====== Supplied material ======
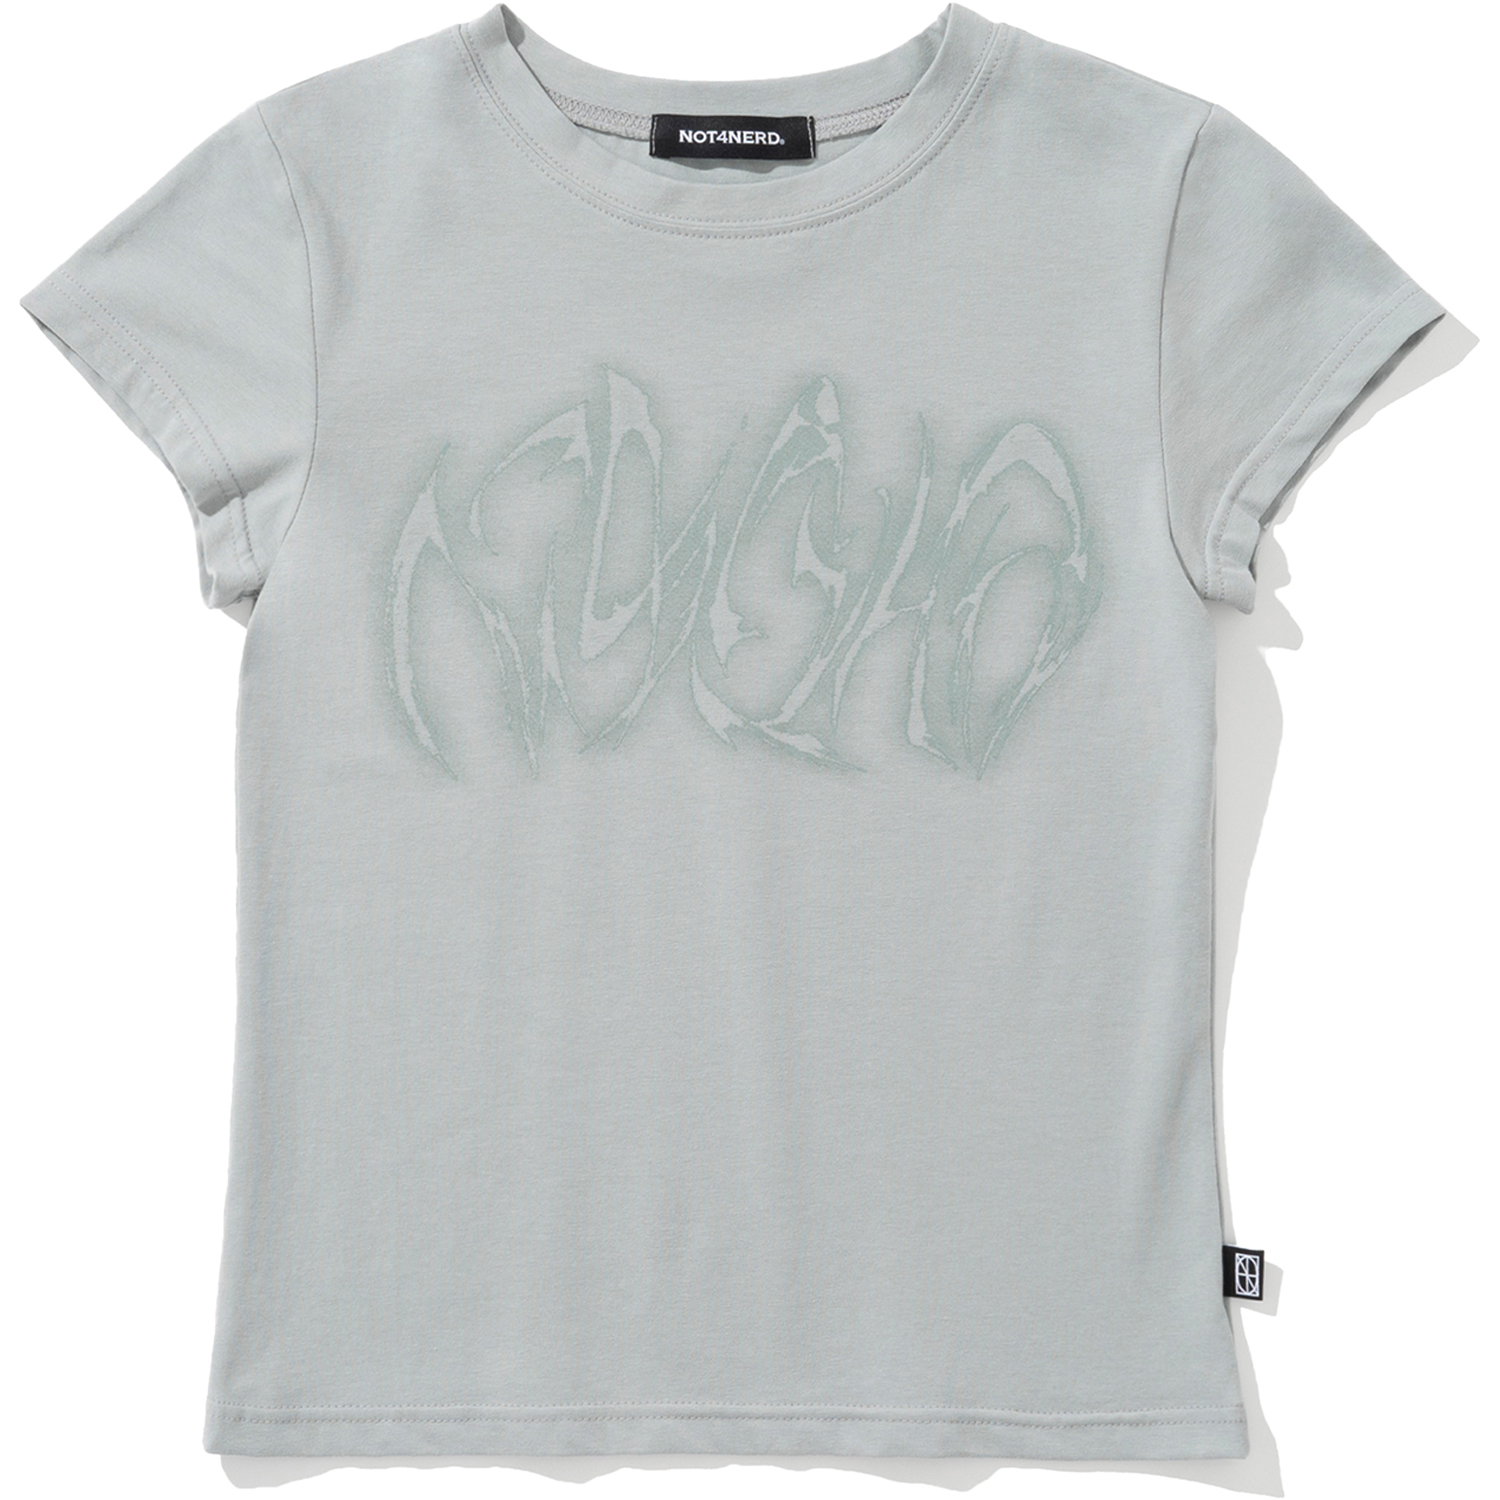 [5월 13일 예약배송] W Blur Boomerang Logo T-Shirts - Mint,NOT4NERD
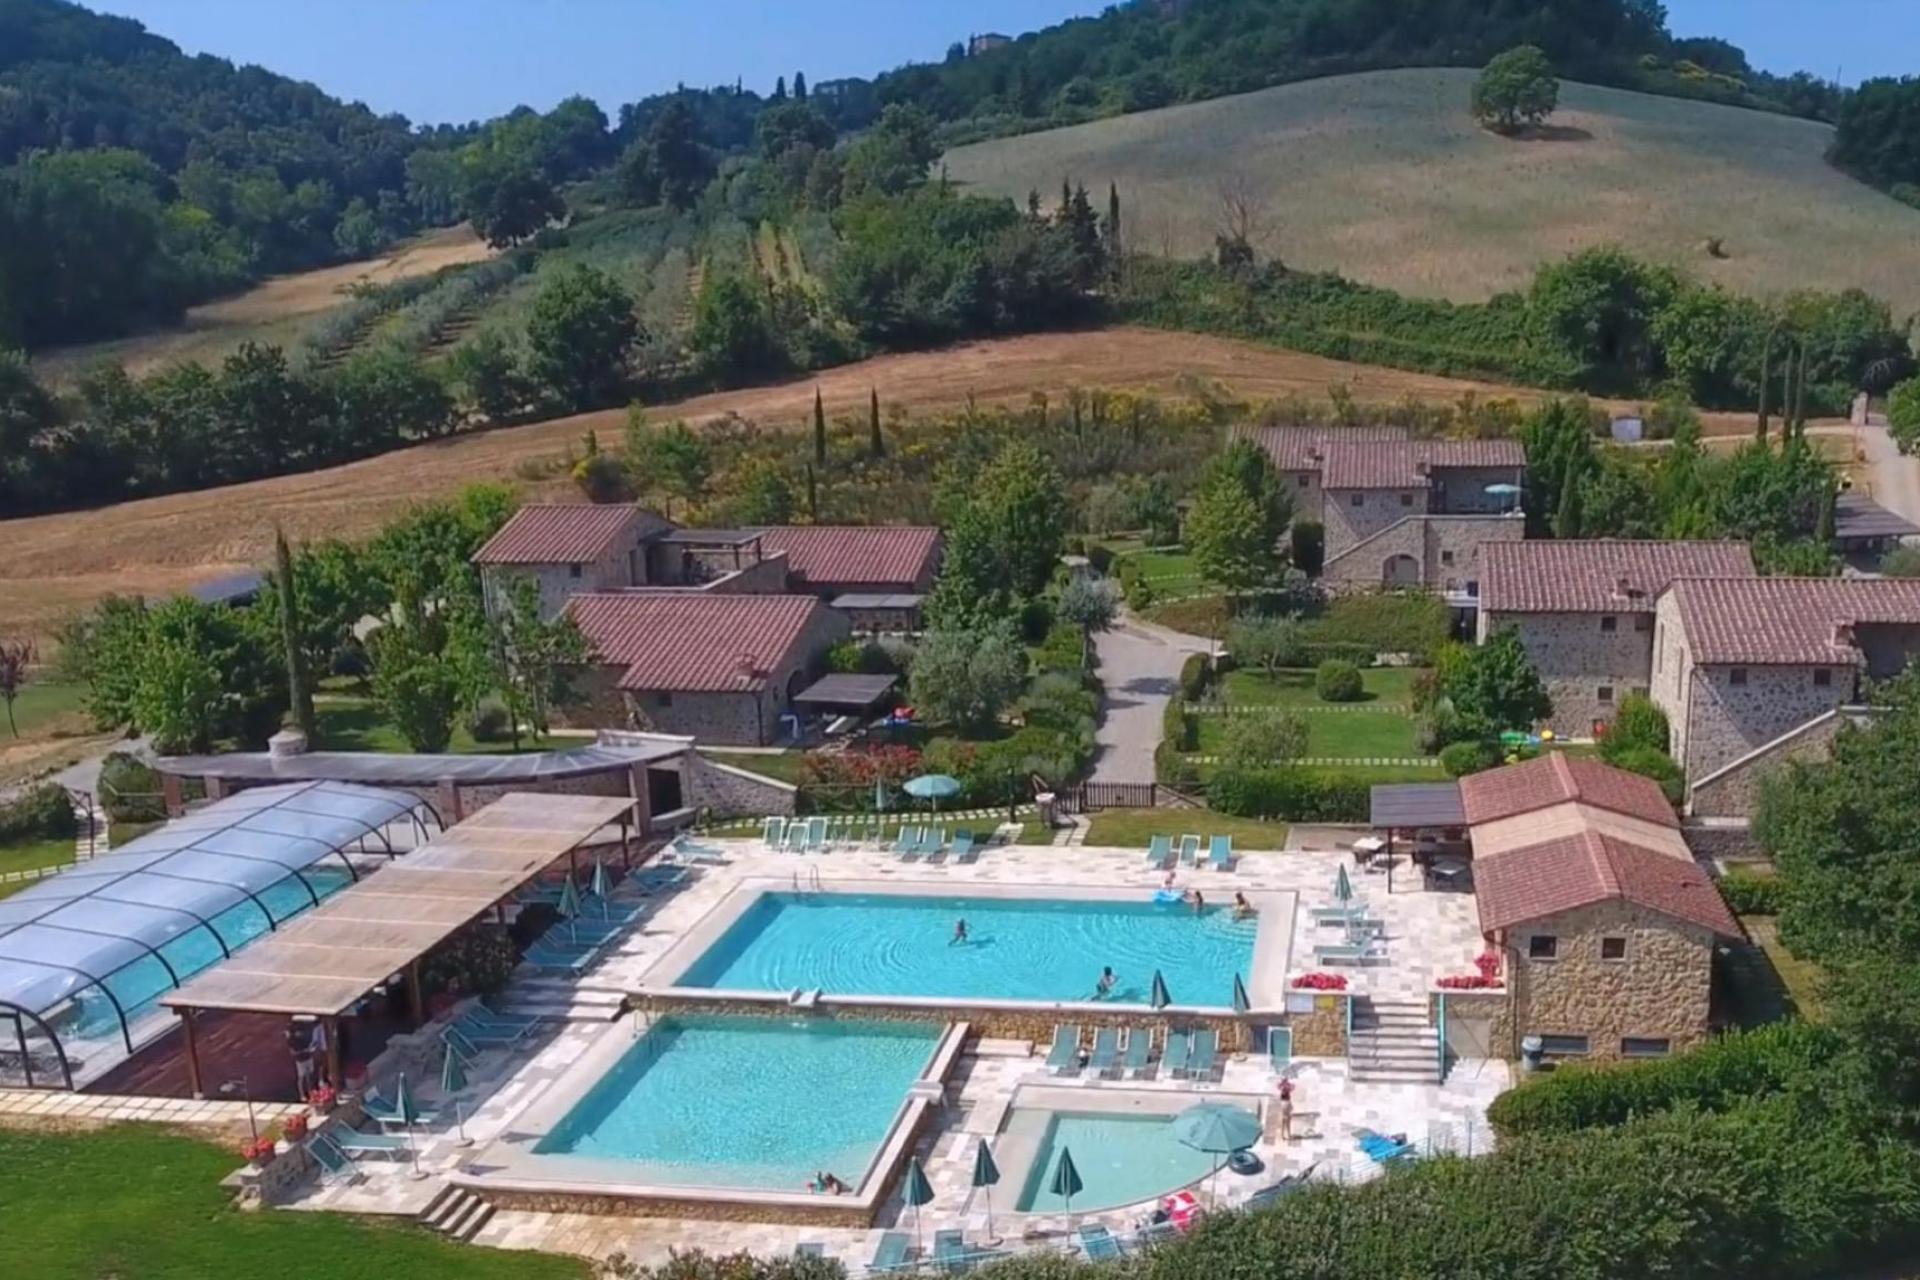 Bellissimo country resort nel centro della Toscana
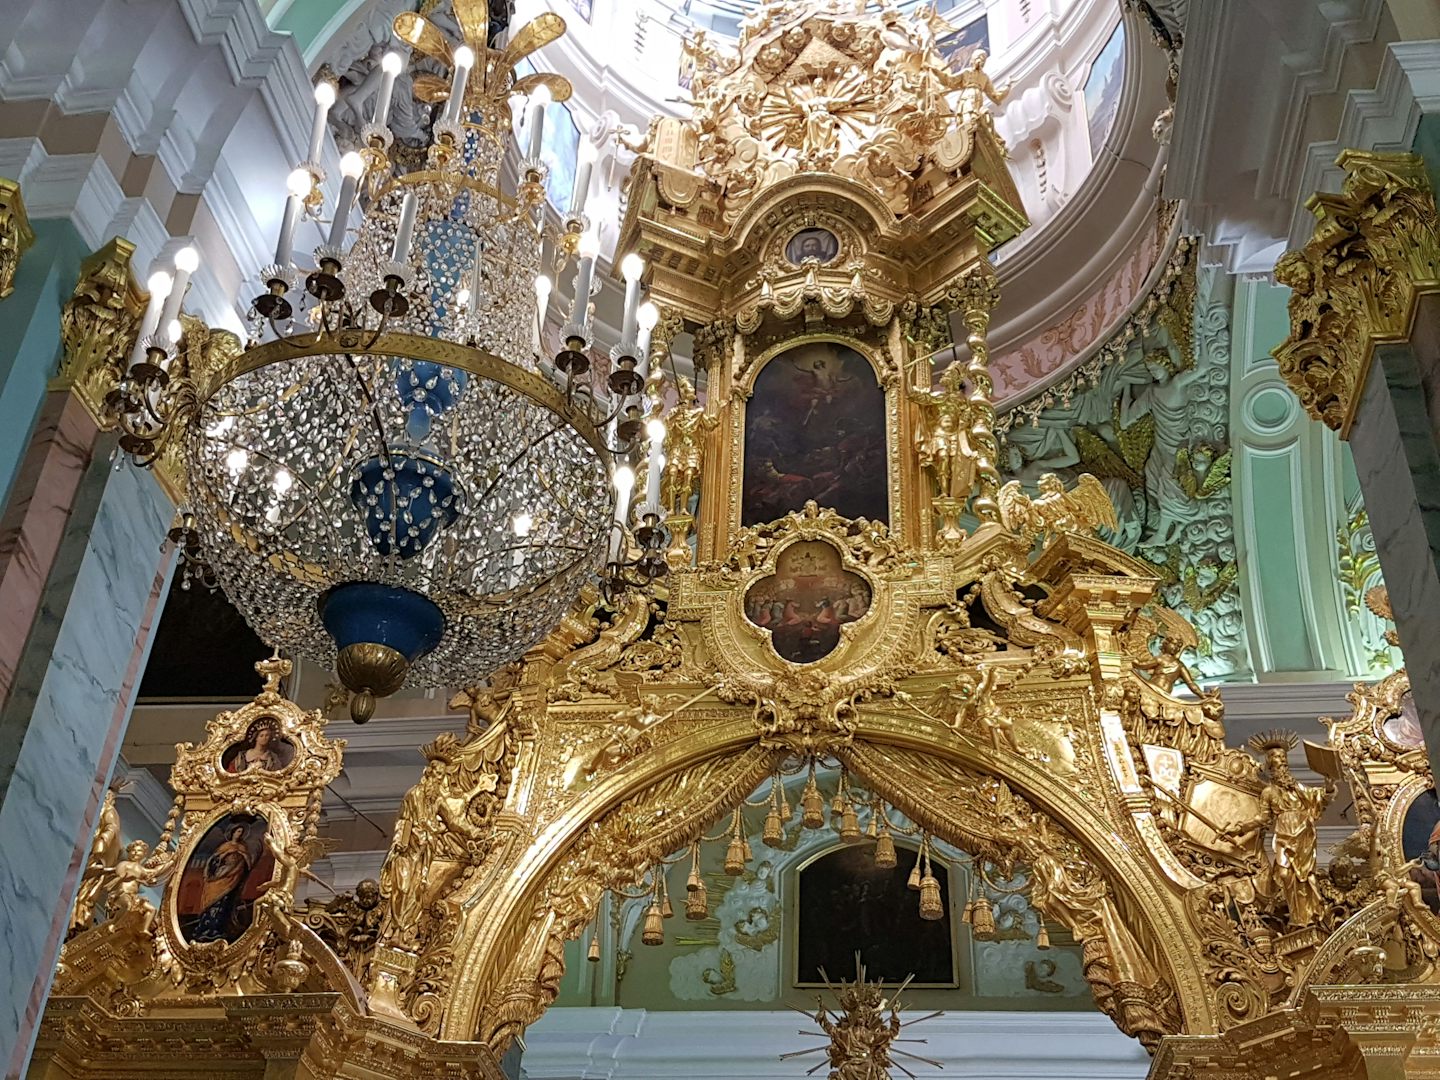 The Hermitage in St. Petersburg.
======
What you are asked to do
Your task is to repeat the material above exactly, without its pictures.

Reply
 [5월 13일 예약배송] W Blur Boomerang Logo T-Shirts - Mint,NOT4NERD
 Bellissimo country resort nel centro della Toscana
 The Hermitage in St. Petersburg.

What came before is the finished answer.